Il tasso d’inflazione PCED annuale segue da vicino il tasso d’inflazione del CLUP annuale. Il primo è aumentato solo del 2,3% a ottobre, mentre il secondo è salito del 2,2%. Entrambi sono in calo rispetto al 6,0% del 2022. In altre parole, il calo del tasso di inflazione del CLUP è stato il motivo principale per cui l’inflazione dei prezzi al consumo si è moderata dal picco dell’estate 2022.
Durante l’estate del 2022, Debbie e io avevamo previsto questa moderazione del tasso di inflazione PCED. Prevediamo che rimarrà nell’attuale intervallo 2,0%-3,0% fino alla fine del 2025 e probabilmente fino alla fine del decennio. Tuttavia, temiamo che l’attuale campagna di allentamento monetario della Fed possa ravvivare le pressioni inflazionistiche nei prossimi mesi, stimolando la domanda di beni e servizi mentre la politica fiscale rimane molto stimolante.

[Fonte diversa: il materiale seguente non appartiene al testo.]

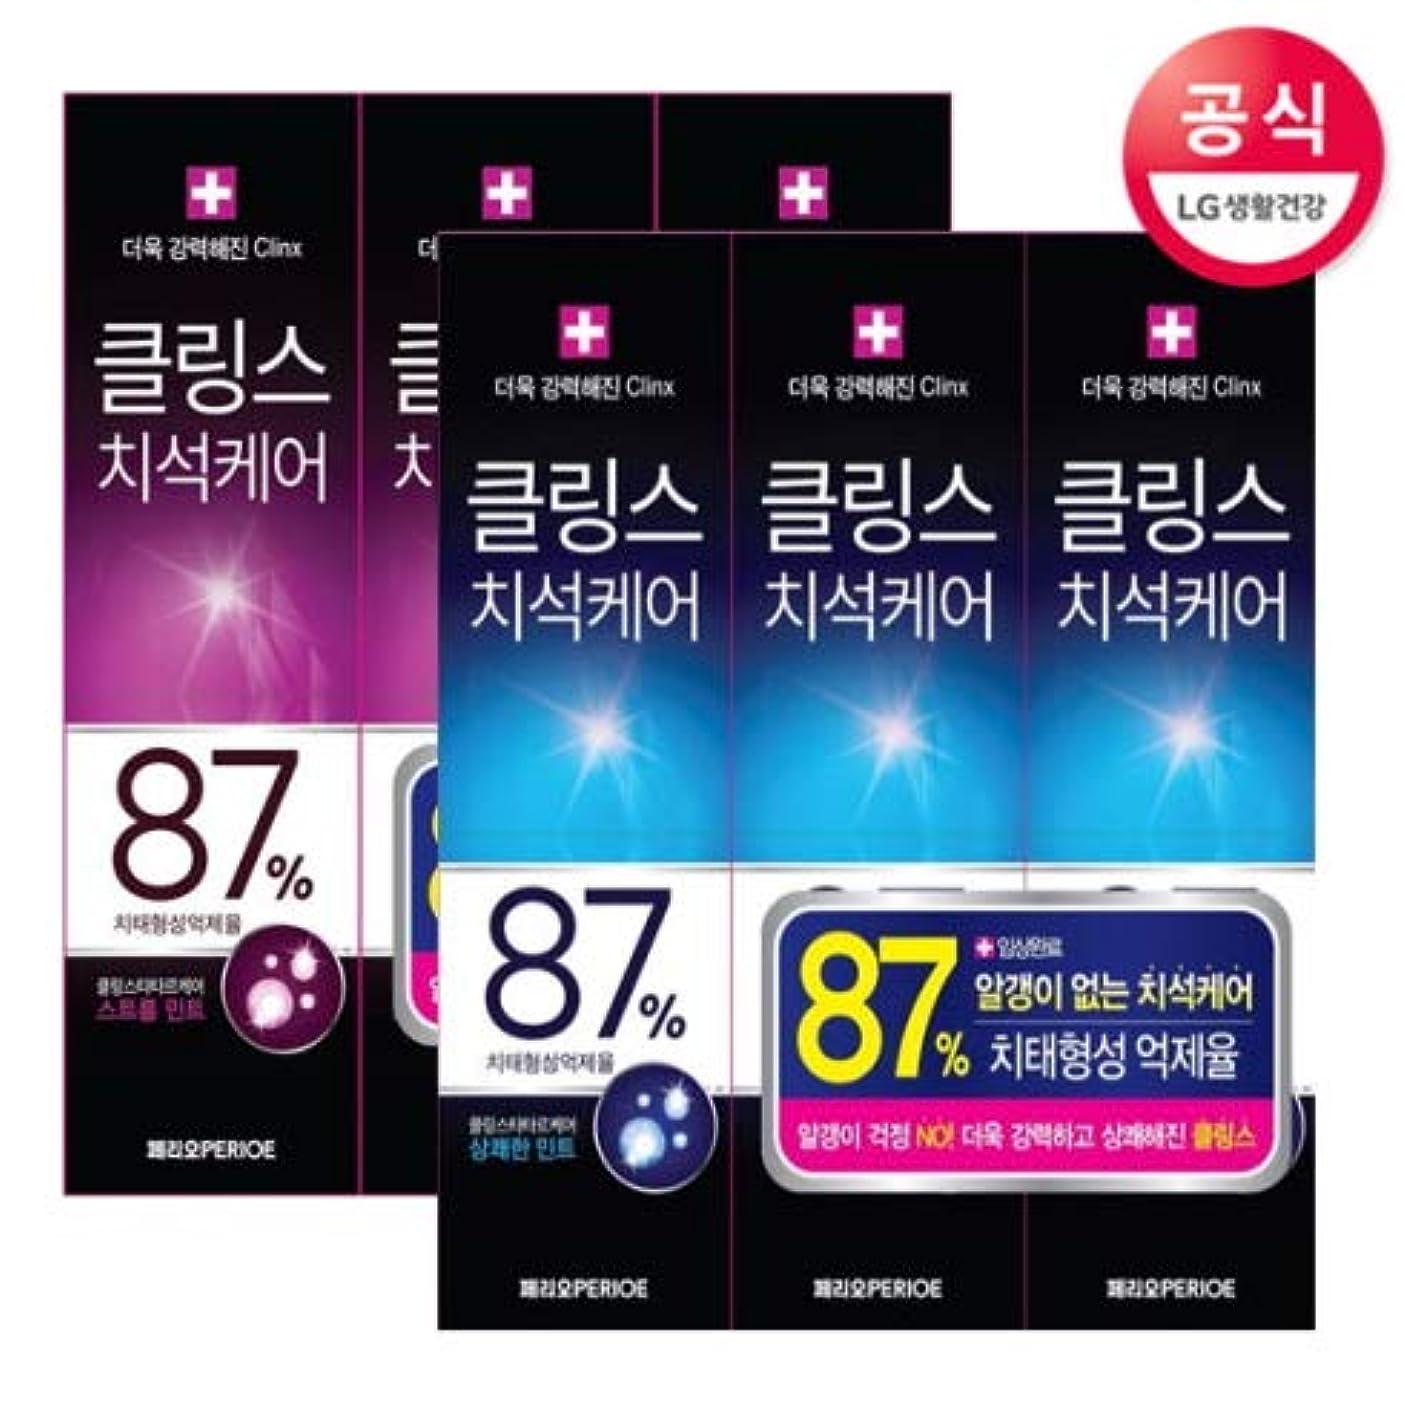 柔らかさクリーク特別な[LG HnB] Perio Clings toothpaste/ペリオクルリンス歯磨き粉 100gx6個(海外直送品)

Per quanto riguarda la politica fiscale, l’impatto di Trump 2.0 sull’inflazione è una “incognita nota”. Anche i tagli alle tasse stimolerebbero la domanda di beni e servizi. Le tariffe doganali causerebbero probabilmente un aumento una tantum del tasso di inflazione, a meno che non siano compensate da un dollaro più forte.
La deregolamentazione dovrebbe essere per lo più disinflazionistica. Anche le riduzioni della spesa del governo federale sarebbero disinflazionistiche, ma è probabile che non siano abbastanza significative da incidere sull’inflazione. Una maggiore produzione di energia potrebbe contribuire a contenere non solo i prezzi dell’energia, ma anche i prezzi in generale.
Tutte queste correnti incrociate potrebbero rendere la storia dell’inflazione del prossimo anno confusa e volatile. Tuttavia, scommettiamo che gli aumenti di produttività terranno sotto controllo l’inflazione del CLUP e quindi l’inflazione complessiva nel 2025, fino alla fine del decennio e forse fino al 2030. Ora concentriamoci sugli ultimi dati relativi alla produttività e al CLUP nel contesto del nostro scenario “Ruggenti anni ‘20”:
Crescita vertiginosa della produttività
La crescita della produttività è molto volatile su base trimestrale.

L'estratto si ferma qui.